I write to avoid forgetting. There’s a sweet spot where I use a technique a few times a year, but not all the time, and it requires some almost-repeated code, often SQL. I like to get those things into a blog post so the queries are easy to find, such as analyzing web server logs in MySQL. Sometimes I solve difficult problems and I don’t want to forget how. My posts on transferring a Boot Camp partition to a new hard drive and transcoding live video streams from IP cameras are examples of these.

There’s a second reason I write: to rant, hopefully constructively. This doesn’t happen often, but it has, this is a blog after all.

The third reason I write is to try to refine ideas. This kind of writing rarely ends up anywhere public, but writing, then editing, helps me figure out things I’m having problems with, from code to business to gardening and beyond.

PhpStorm Review

Late last year I kept hearing a lot about PhpStorm 8, especially from WordPress people and wanted to try it out but the price was stopping me, (it turns out the price is probably worth paying – but it’s hard to know if the price is worth paying until you’ve already paid the price). Luckily for me WP e-Commerce has some licenses for core contributors, and apparently I count, (JetBrains, the people who make PhpStorm, provide licenses to open-source projects at no charge – thanks!).

One of the things that JetBrains asked in return for the licenses was that we try to write reviews of our experience, and after many months of using PhpStorm, here are my thoughts.
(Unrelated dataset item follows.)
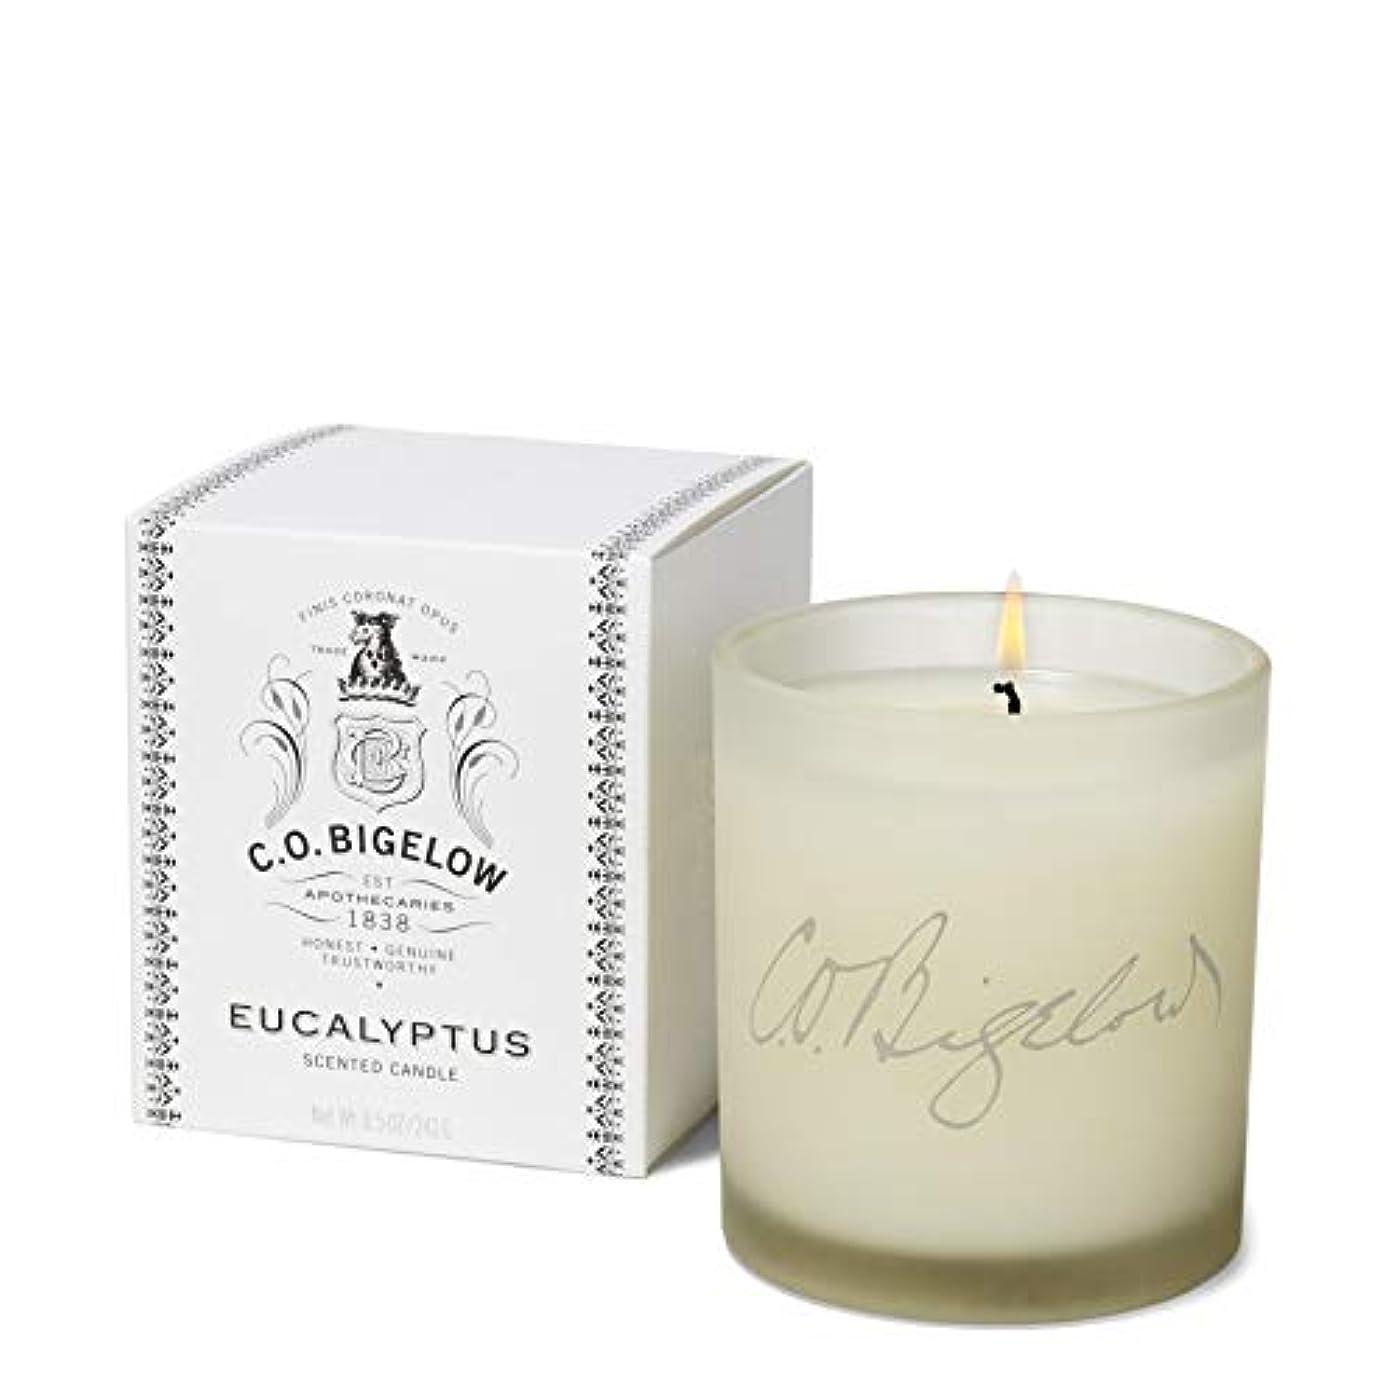 スポット長方形彼ら[C.O. Bigelow] C.O.ビゲローユーカリの香りのキャンドル - C.O. Bigelow Eucalyptus Scented Candle [並行輸入品]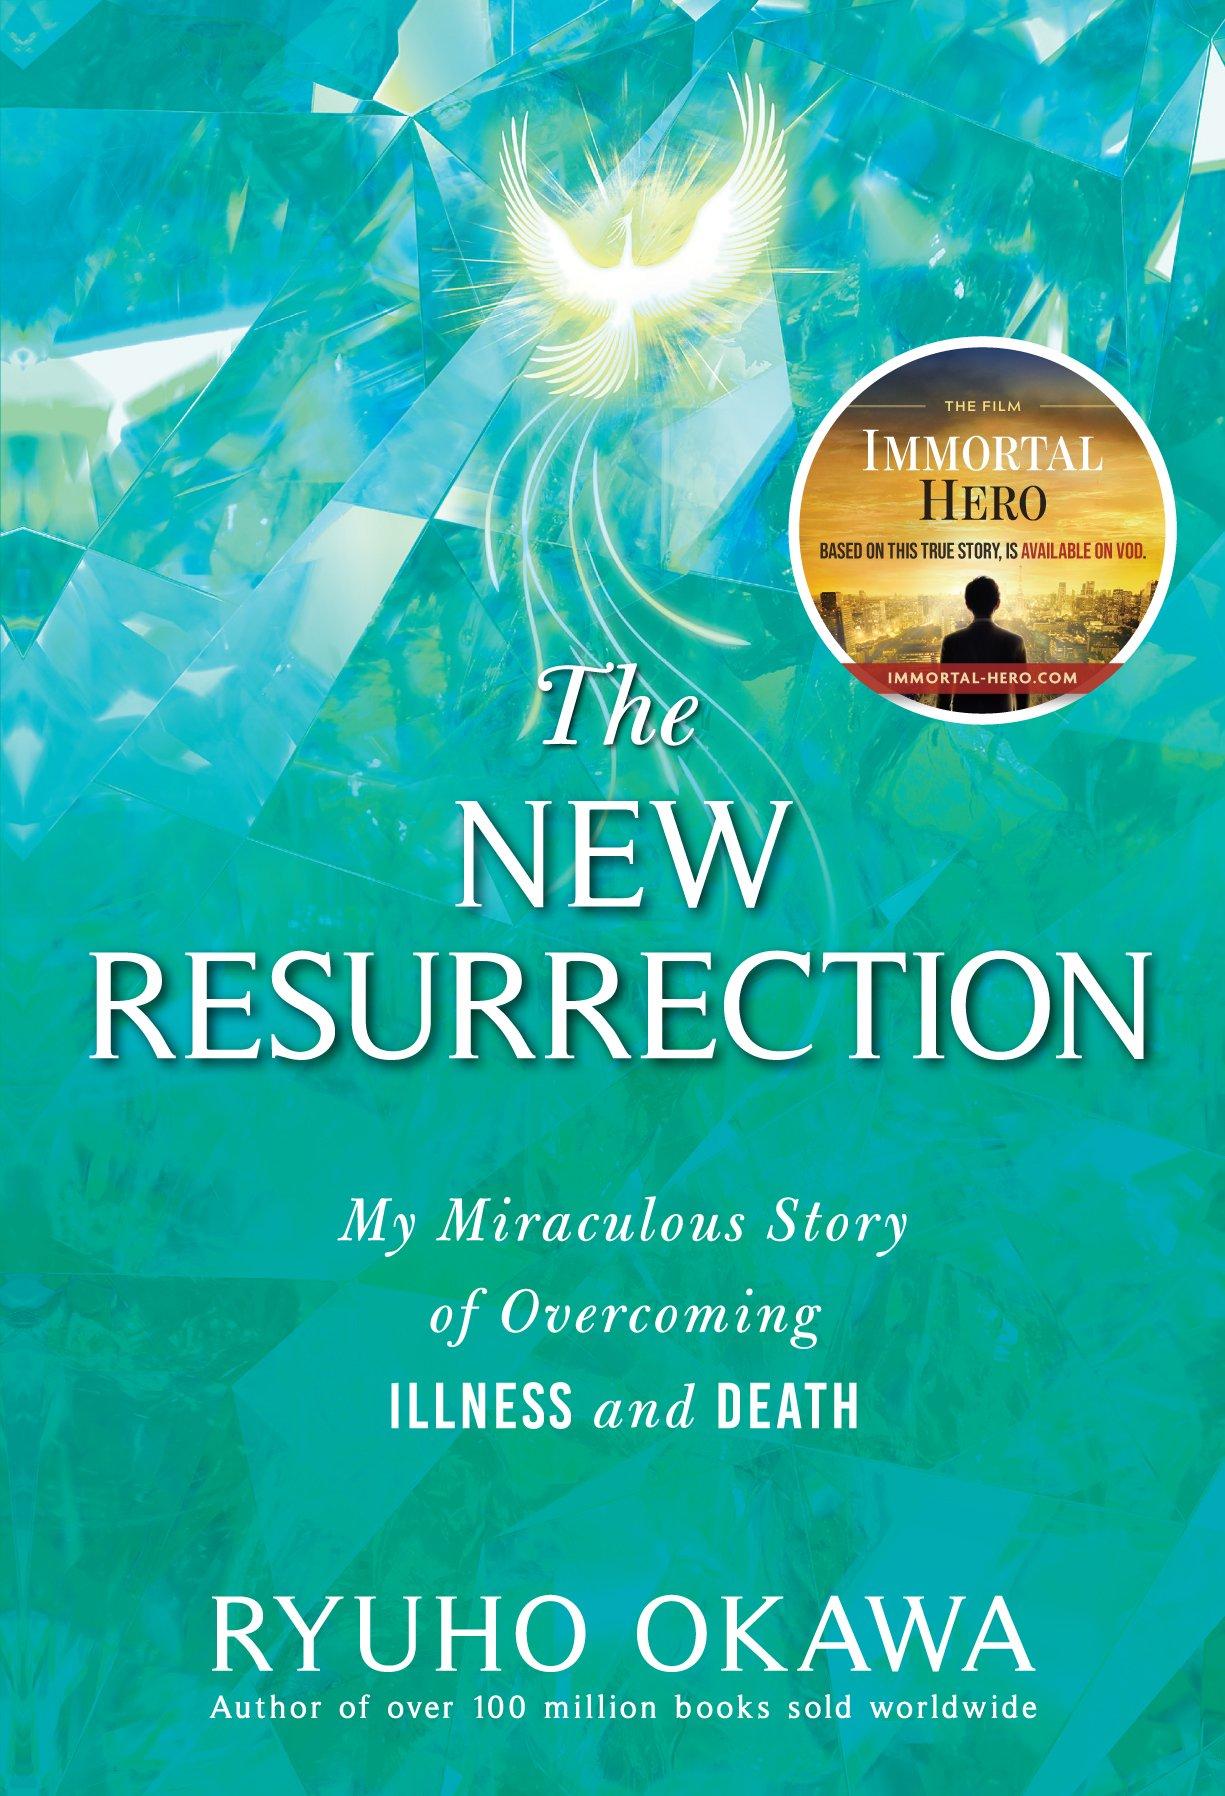 New Resurrection by Ryuho Okawa

PhpStorm crashed several times in the 24 hours after I installed it, not a good start. Support suggested installing the EAP version, which is like a beta stream, which fixed the problem. Since then I’ve switched back & forth between the current release and EAP versions of PhpStorm, but I usually use the EAP, because I like shiny things.

Performance

I had heard that PhpStorm was fast, but it’s a Java app, (like Netbeans or Eclipse), so I had my doubts. When first installed there were some pretty big performance issues, especially related to scrolling. PhpStorm was exhibiting what I refer to as “that Java scroll lag” – one of the reasons I tend to avoid Java apps. There was also a problem that when scrolling with the mouse the text would disappear, which makes mouse scrolling nearly useless. Eventually I learned that there’s a version of PhpStorm for OS X that comes with a bundled, tweaked, Java Run-time Environment, and using that version of PhpStorm solved these problems.

When comparing PhpStorm’s performance to Sublime Text, (2 or 3), Sublime Text is still way faster. PhpStorm feels like a normal app, but ST3 has that amazing snappiness that Sublime Text users have come to love, and want to see everywhere. While PhpStorm’s performance is satisfactory, it’s not as blazing fast as the chatter led me to believe, but the combination of decent speed, and the other benefits that of using a real IDE, mean it helps me write cleaner code faster.

Setup

Like most coding programs, especially Java ones, PhpStorm hurt my eyes out of the box, but the look is tweakable enough to make it look how I want. There are two built-in themes, (“Default” and “Darcula”), and you can load 3rd-party colour schemes for the text editor. I think it might be possible to load 3rd-party themes as well but I haven’t investigated this. Switching to the Darcula theme, and switching to the Predawn colour scheme, (I can’t remember where I found the PhpStorm port, maybe it even came with it), and Inconsolata made PhpStorm feel like home.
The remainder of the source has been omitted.